Now where this rocks. First off the 8 ROPs are all tied to the eDRAM. The eDRAM has an internal bandwidth of 256GB/s and runs at an effective frequency of 2GHz (quad pumped @ 500MHz). While it is true the fillrate is a "mere" 4Gigapixels, when 4xMSAA is enabled it jumps to 16Gigasamples--basically the ROPs are designed for no-slow down 4xMSAA. The ROPs also have a a double pumped Z, a feature it shares in common with the R530 (X1600; X1800/X1900 do not have this). That is 64 Z samples a clock.
What about HDR? As Dave Baumann points out in his Xenos article at Beyond3d.com is that Xenos can do FP10 or FP16 blending with MSAA. What is FP10? FP10 (10-10-10-2 RGB-Alpha) is a special format that has the performance penalty of FP8 while allowing a very broad degree of ranges (through the use of a mantesia method). So while Xenos can do FP16 blending, there really is no need as it can do FP10 blending with no performance hit.

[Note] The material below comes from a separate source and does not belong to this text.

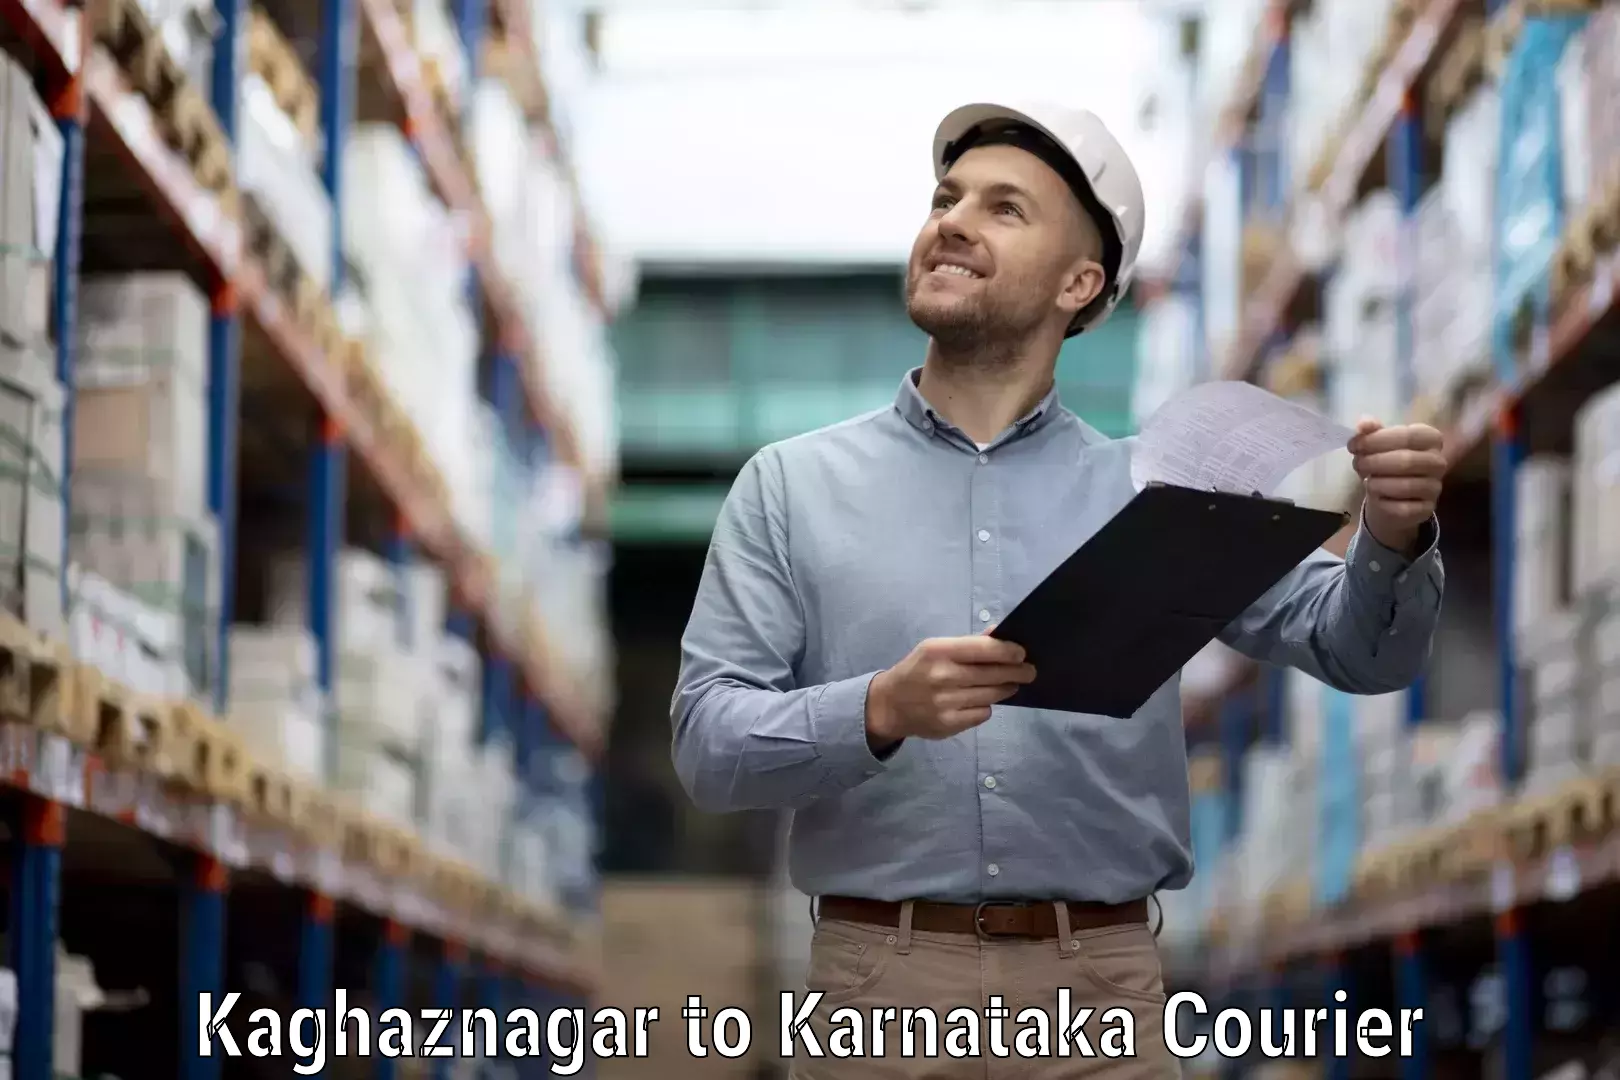 Nationwide shipping capabilities Kaghaznagar to Mahalingpur
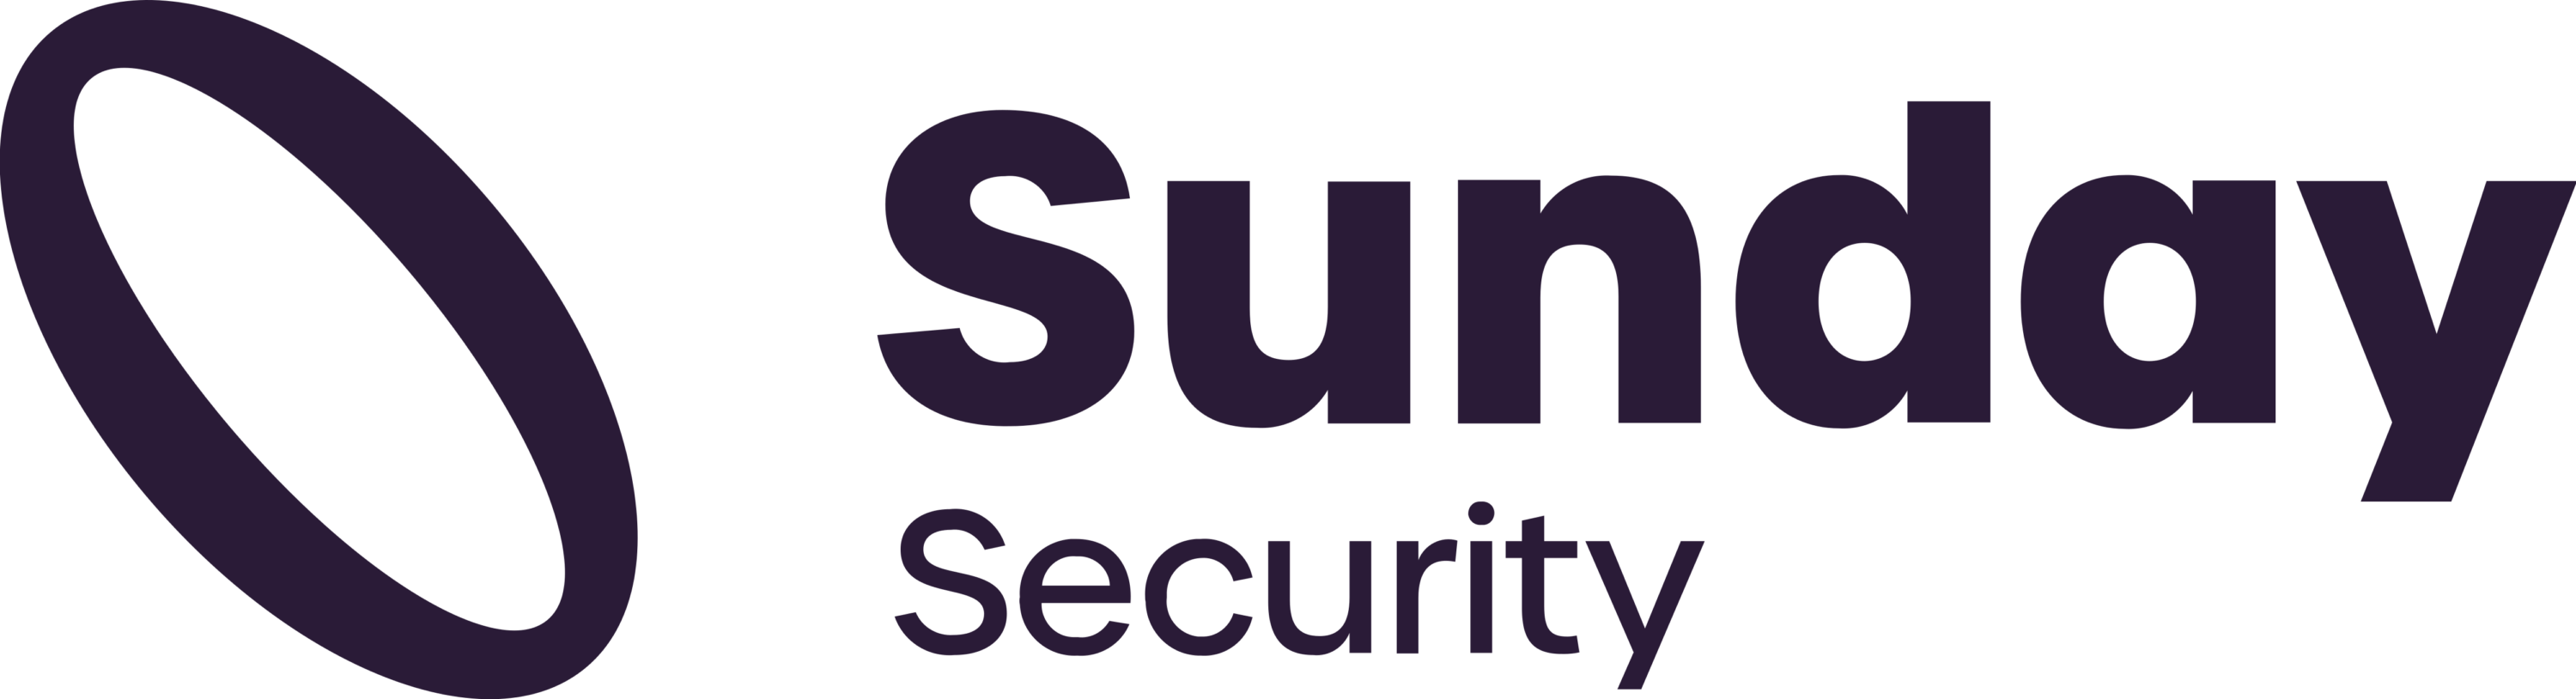 Sunday Security Logo

The bottom line is the framebuffer/backbuffers are the most bandwidth intensive/hungry parts of the GPU. Uncompressed the bandwidth needs well exceed 100GB/s when MSAA, FP16, etc are all enabled. The eDRAM effectively eliminates this issue. Instead of the Shader Pipeline constantly being stalled by the memory, the bottleneck falls back to the Shader Pipeline--which as noted above is very effecient.
One reason we don't see eDRAM in the PC market is because PCs require higher resolutions and many variable resolutions. Tiling works on a console that has 3 or 4 resolution target developers can optimize for, but on the PC it is a no go. It should be noted that there is no penalty for 2xMSAA, but 4xMSAA has a 1-5% penalty due to tiles. Think of titles as dividing your screen into 3 equal columns. The GPU must recalculate the "seems" to make sure they look correct.
• Direct bus to the CPU. One of the biggest pains on the PC is the GPU has to fight the CPU for horrid memory bandwidth (6.4GB/s on most modern PCs) AND has a very high latency connection to the CPU itself. Basically the GPU is on its own and benefits little from the PC CPU. This is different on the consoles. Xenos in particular has a nifty way of alleviating these issues to a degree.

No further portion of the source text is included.